Luckily, after two hours of watching Cleveland burn, we were granted with part two of evening–the finale of The Daily Show with Jon Stewart. I don’t have much to say as of yet, but it was the high note I needed to wash the taste of GOP morons out of my mouth before bed. My thoughts:

– It was all about the crew. I loved that Jon, who for the last 16 years has been the face of The Daily Show, made his last night about the people who helped make the show great. Really heartwarming, and made me want to quit my job and stand outside of the studio with my resume.

– Stephen Colbert. In typical Colbert fashion, his entire speech was touching, with a dash of hilarity. The whole Lord of the Rings analogy had nerds like me cry consecutive happy/sad tears, but after his bit about Frodo (Jon) leading the way, he said what we all needed to say: Thank you, Jon. Colbert wouldn’t have his job without Jon Stewart. Steve Carrell, John Oliver, so many great comedians went on to amazing things because The Daily Show gave them a chance. (Sorry, I need to wipe my eyes again).

– Jon Stewart changed the news.
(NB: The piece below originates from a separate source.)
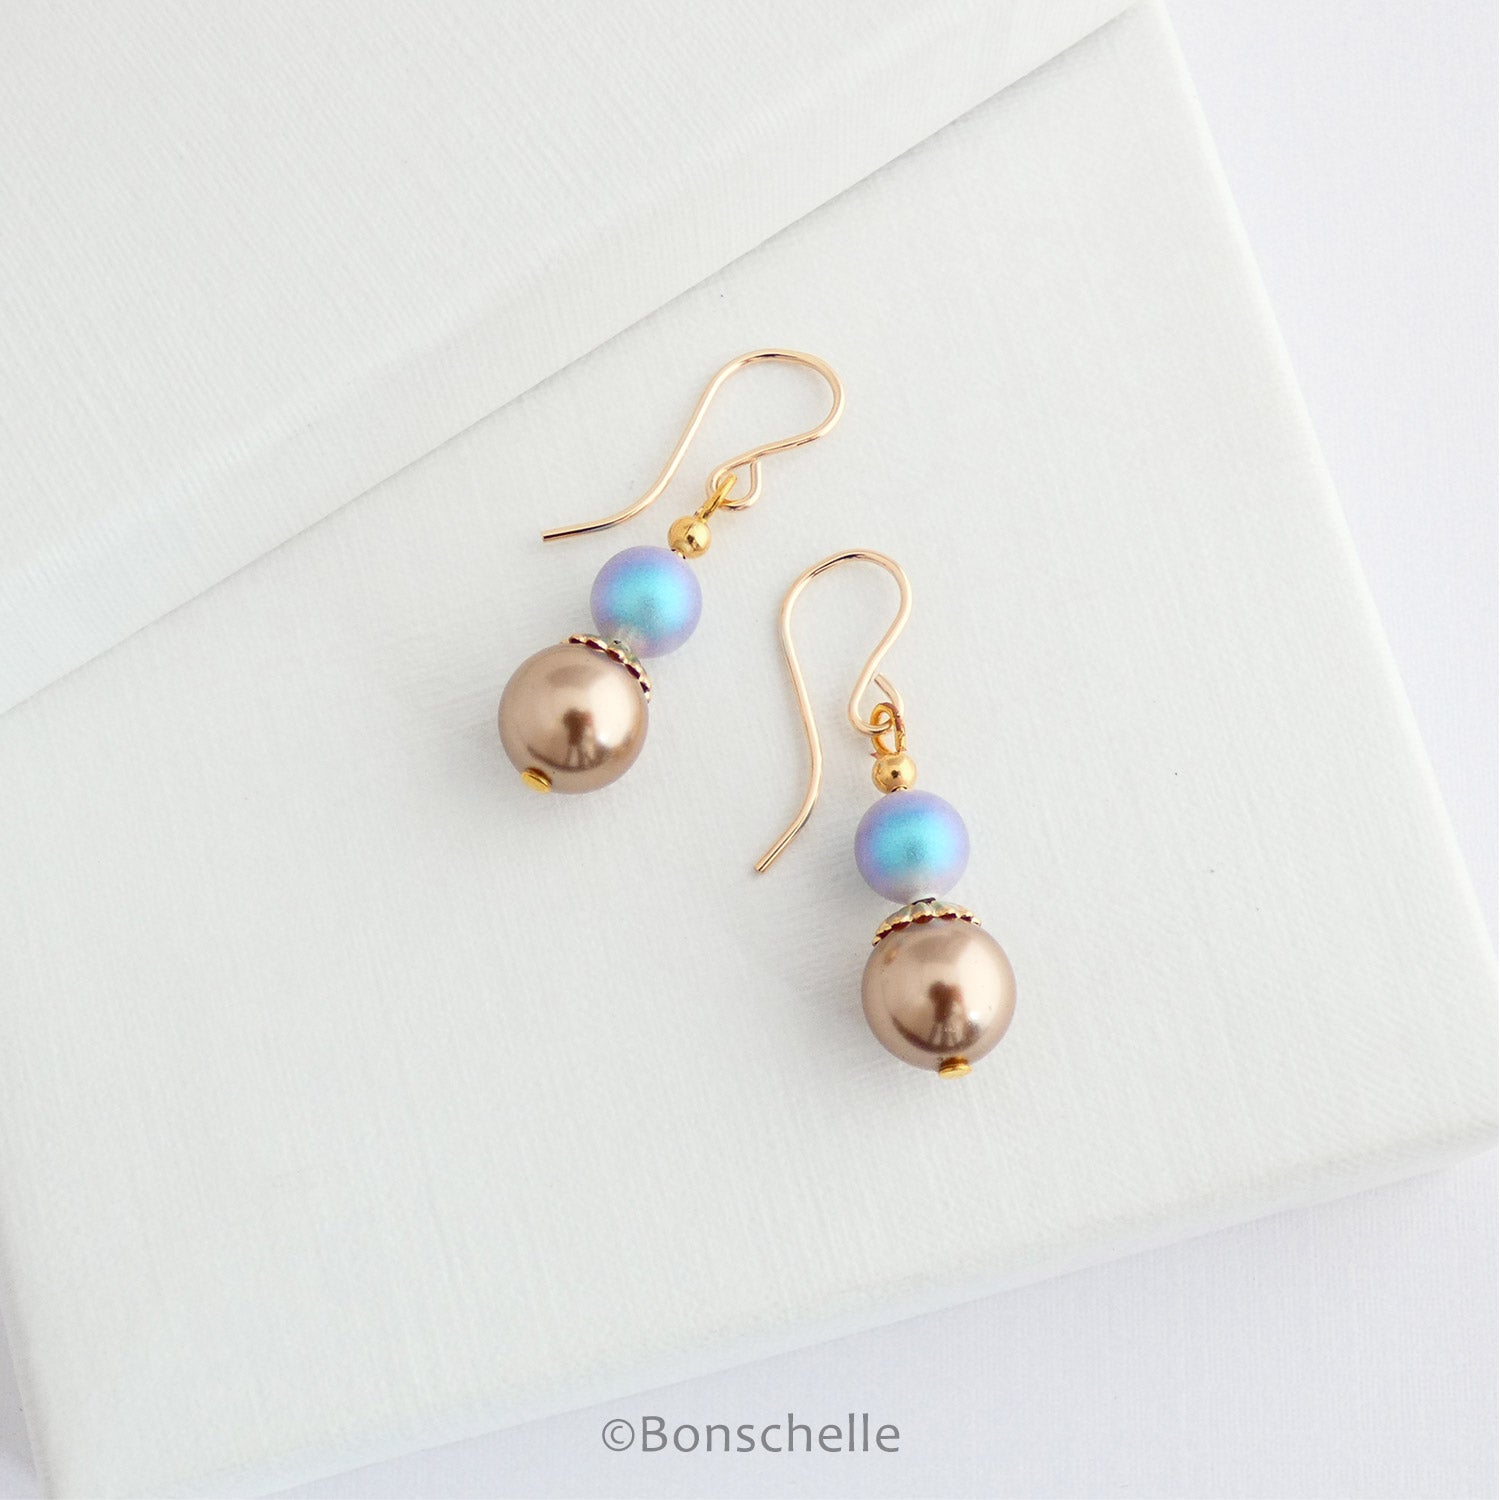 Women's handmade bronze and sky blue pearl earrings laying on a jewellery box

Yes, The Daily Show was meant to be satire, but it turned into a reliable and entertaining phenomenon, which, through the years of jokes, gave us insight into the truth. And it gave us a personality that made us come back night after night. So thank you, Jon Stewart, for 16 glorious years. I can’t wait to see what you do next.

BONUS ROUND: In case you missed it, my girl Kimmy K. gave us a gift last night. This glorious selfie that says ‘Yes, I support Hillary.”